Through action (taking a shower) we are in touch with (or corresponding with) different temporalities and spatialities. Such an inquiry is mobile, it quickly takes the researcher away from the shower box at shower time to other times, places, and actions along chains and chains of associations. Any given action overflows with other actions that are already in the action coming from some other time and some other place. Because of these complex chains of associations, actors are often not even aware of all the different actions, temporalities, and places that an action connects to. The action of taking a shower is conditioned and made possible by the actions of several others in different places and at different times. And Pyyhtinen has more such incredibly articulate examples such as the becoming of food waste, a television set, and, drawing from Latour, the becoming of a ‘nose’. With these examples, he powerfully shows how a process-relational approach can help trace some of the connections between the human and the shower, TV, food, and odours and a whole range of other materials, practices, flows, and people.

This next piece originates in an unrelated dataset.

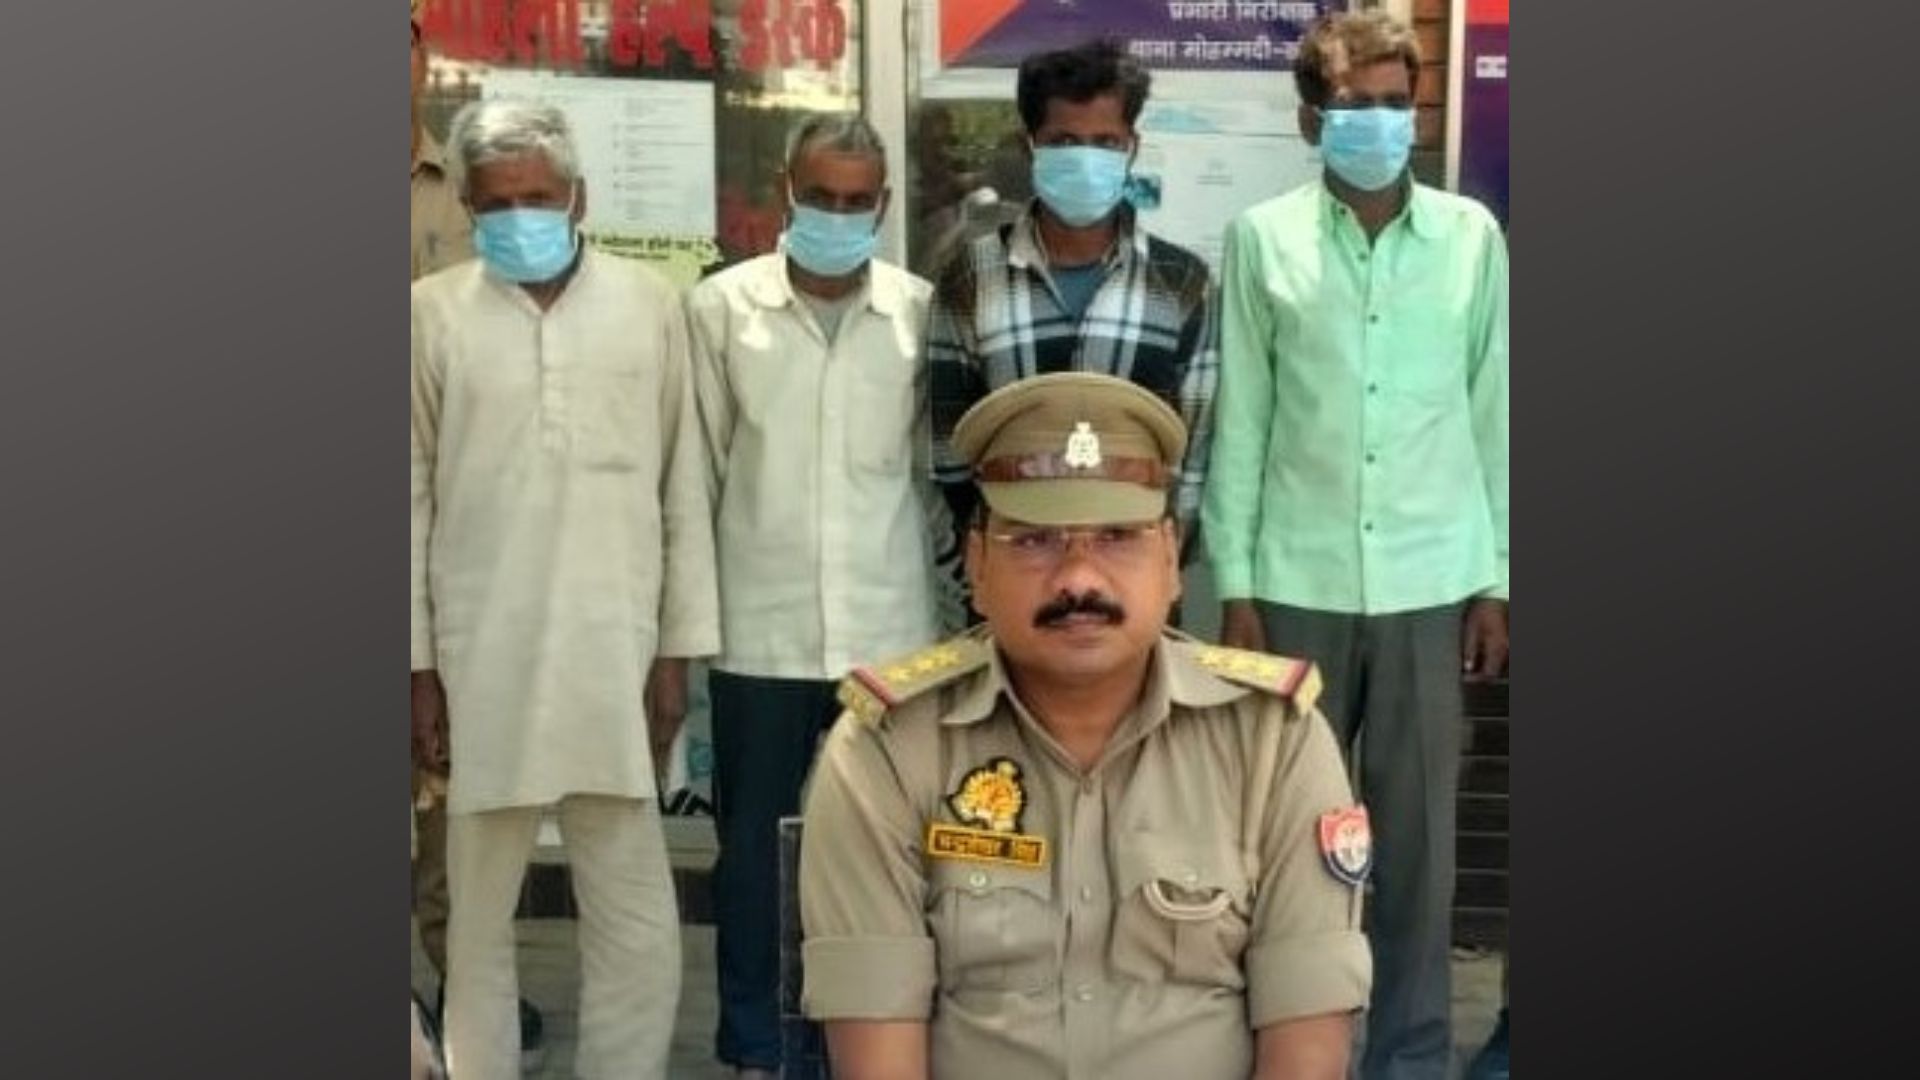 लखीमपुर खीरी: अंतर्जनपदीय चोर गिरोह का खुलासा, चार शातिर बदमाश गिरफ्तार

In sum, Pyyhtinen argues us how a process-relational approach takes into account not only heterogenous non-human materials, but also several spatial and temporal scales and practices of scaling. As he shows through several examples, to do process-relational research about technology, we need to take into account the bits and pieces of our smartphones and laptops, the global markets of rare earth materials, the climate change induced by their mining practices, as well as the temporal scope of our events from the milliseconds of CPU cycles to the lives of future generations who need to live on this planet. This is a type of analysis that is very similar to Kate Crawford’s work in Atlas of AI. However, Kate uses a book to do such “scaled” analyses. How one is supposed to do just that within the scope of a research paper remains to be seen. Nevertheless, what such analyses offer us is an understanding of, no matter how contemporary digital technologies may seem, they are never contemporaneous with our actions and interactions. These socio-technological flows come from different times and have their own temporality that differs not only from the particular action, but also from our experiences, memory and finite life.